Recently, I have decided to try and get into better shape. I have always looked the part thanks to good genetics, but it's something that everyone goes through in their life - can I work hard at my age and really change my body? I am motivated by a few things - I want to be an example to my family, and I want to impress my wife. She doesn't really know how important that it is to me for her to continue liking the way I look. I guess it may seem a bit ridiculous given my whole take on love and what it truly means, but I guess that is the physical aspect that I put upon myself in our relationship.
There are two really tough aspects to making this whole body conditioning thing work. First, it is the unending availability of bad food. I try and make myself eat right and avoid the wrong things - thank goodness my will power is stronger than most! It is just the maintaining that is always tough. I hope that my wife and I can grow into our new love for healthy food choices - thank you bountiful baskets!! The second factor that makes my effort tougher is that everyone seems to think that I don't need to do all the working out. Most people look at me and assume that everything is fine and sometimes resent me for talking about my efforts and the weight I may lose. It's not terribly motivating when people resent and talk down your successes.
The good thing about this endeavor is going to be the availability of time, which tends to be most everybody's biggest hurdle. As a teacher, time is definitely not an issue during the summer. Mornings are going to be the easiest times, as the kids are still either in bed or working through their morning stupor. : ) The evenings and Jodi's days off will be set aside for the longer aerobic activity. I have to get out to run. Jodi can do the whole treadmill thing, but I need the variety offered by the outdoors. It's nice to have a general goal, but it is also nice to alter your plan as you go if you feel like it.

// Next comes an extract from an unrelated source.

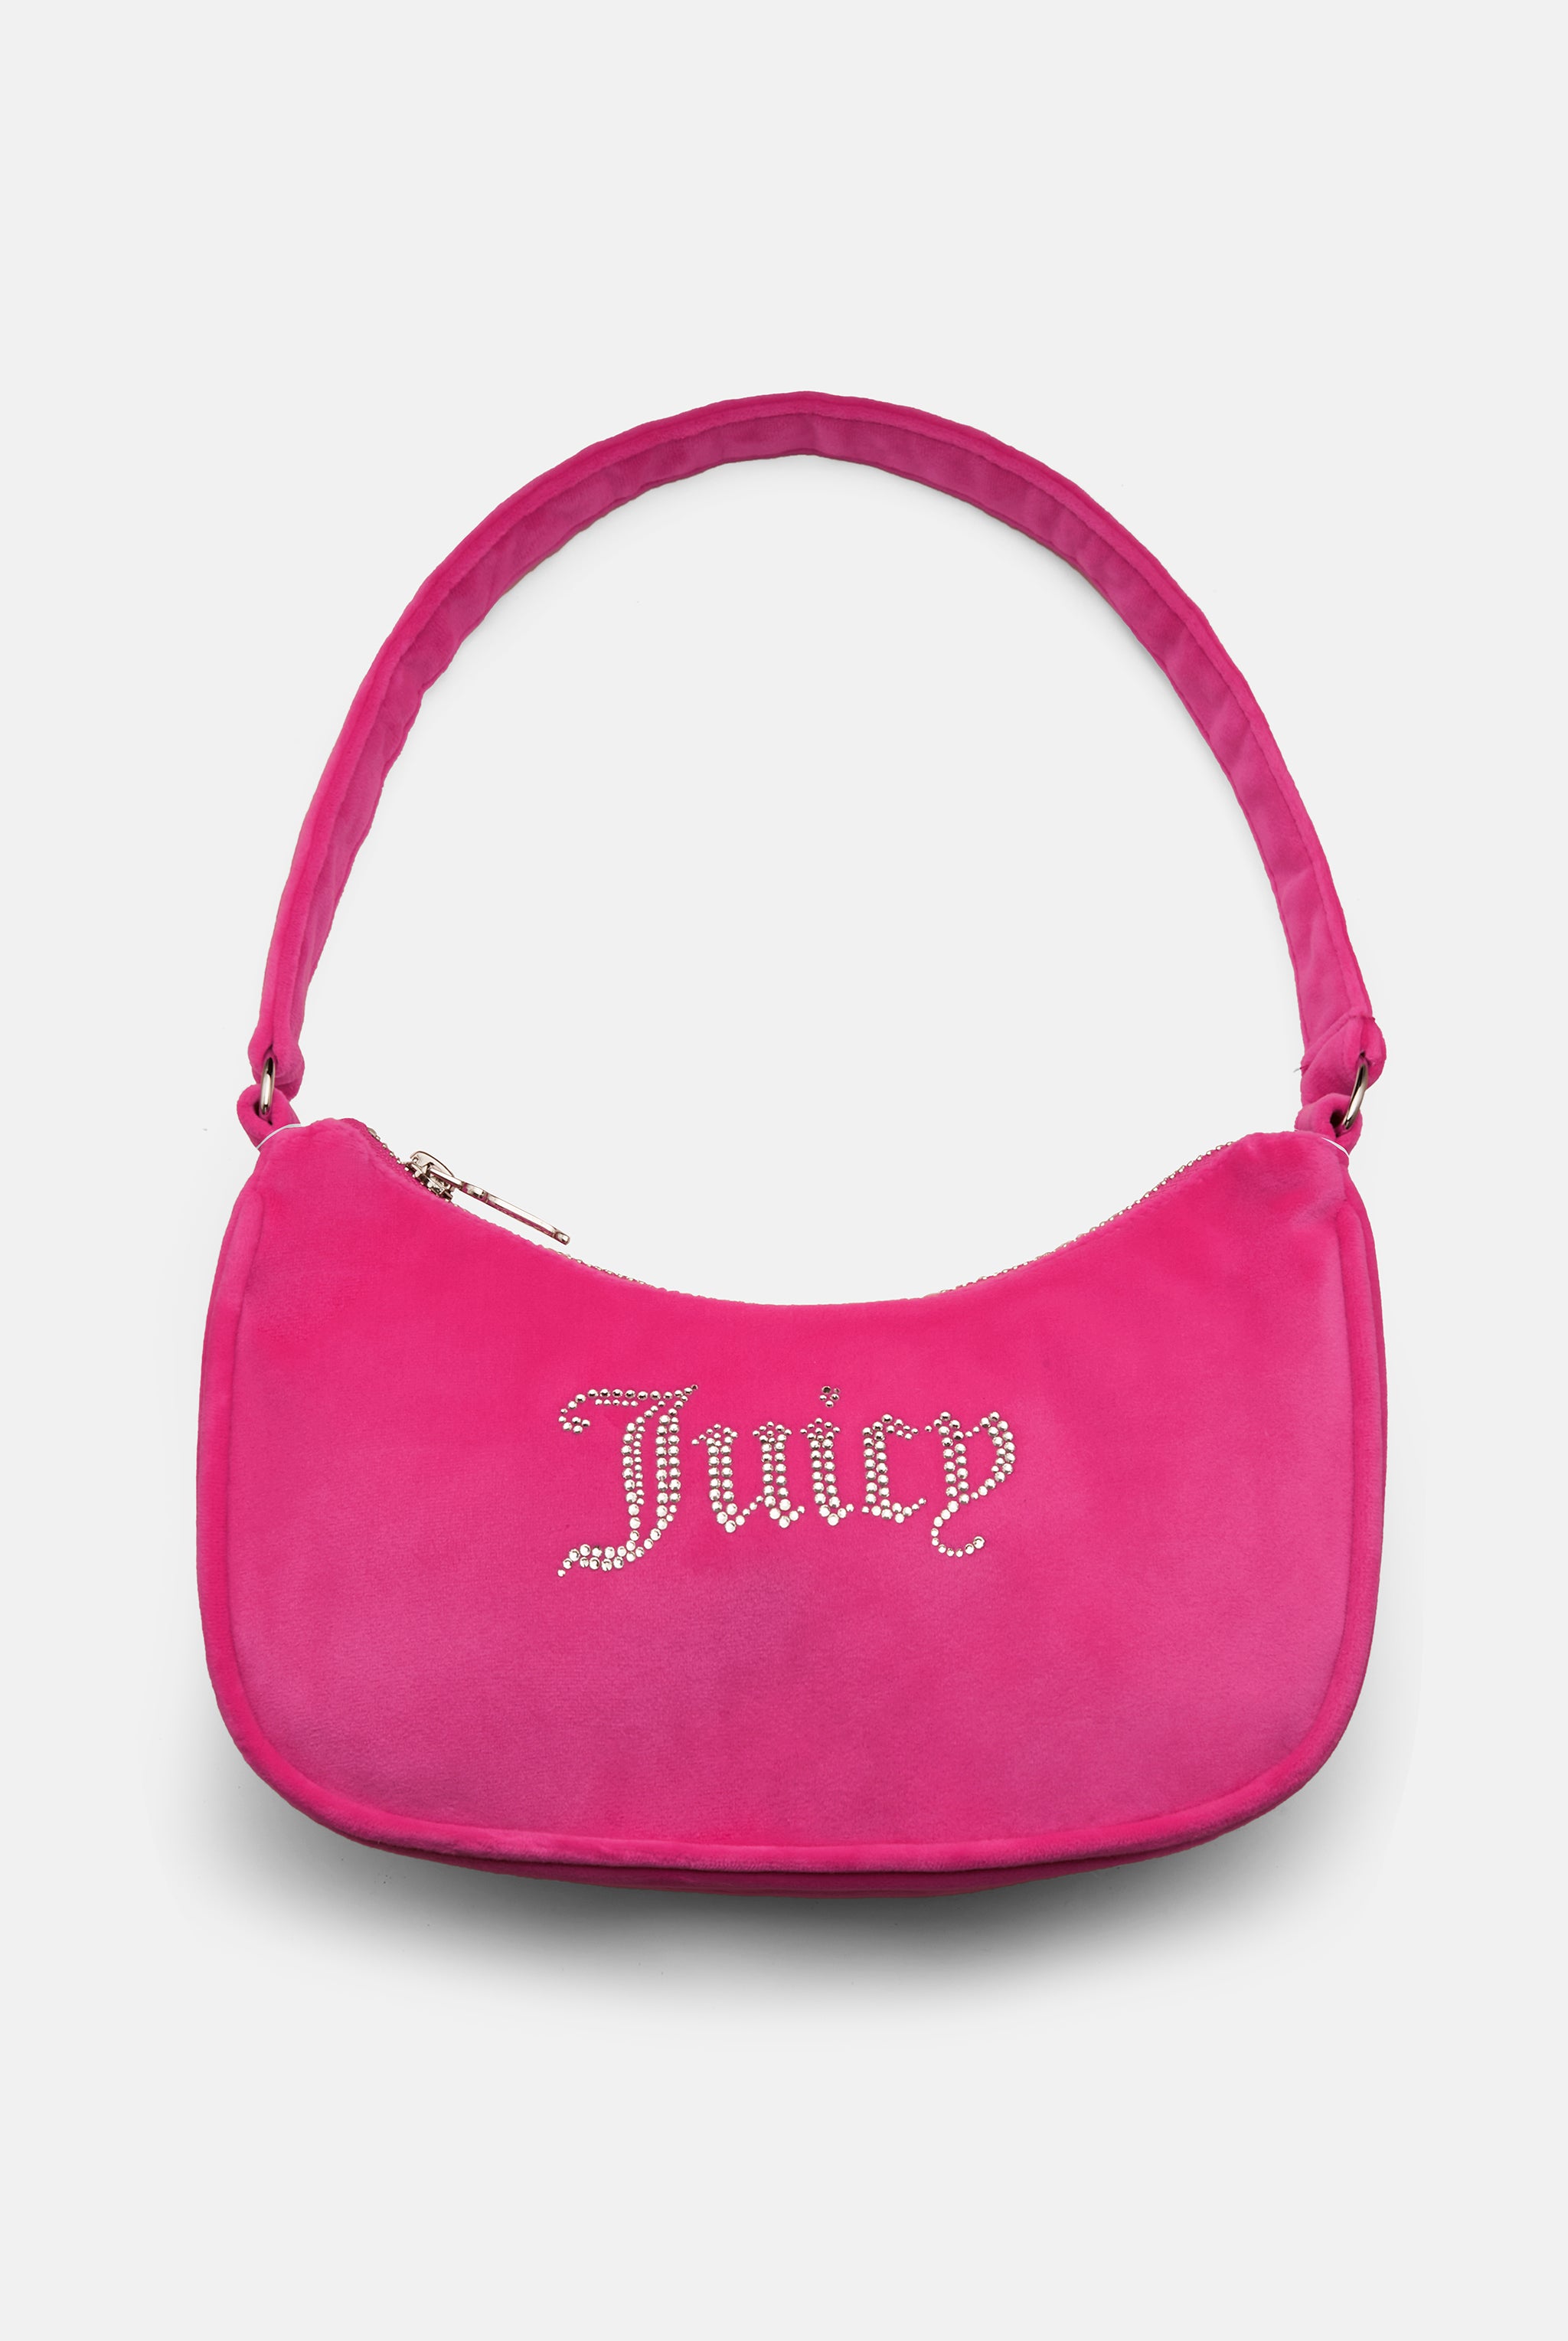 Juicy Couture Travel Cosmetic Bag Makeup Orginizer Velvet Light Pink Fancy  Heqrts Pattern Weekender Case - Etsy

I wish I had someone else to work with on this endeavor, but my friends tend to work out differently - long distance training and no real strength training. I guess I need to ask before I make assumptions, and perhaps I will, but that evil 'time thing' will probably be the impossible hurdle to get over. Oh well, nothing like a little intrinsic motivation.
This post is not for sharing all over - those who find it can read it, but I'm not making it readily available through all the social media sites. I may or may not chronicle a few successes (or failures) as I go. By the way...yesterday I ran 6.3 miles (with a 20 minute stop over at the Marlias for water at the 3 mile mark). I have never run that far in my life...so, mini-success!!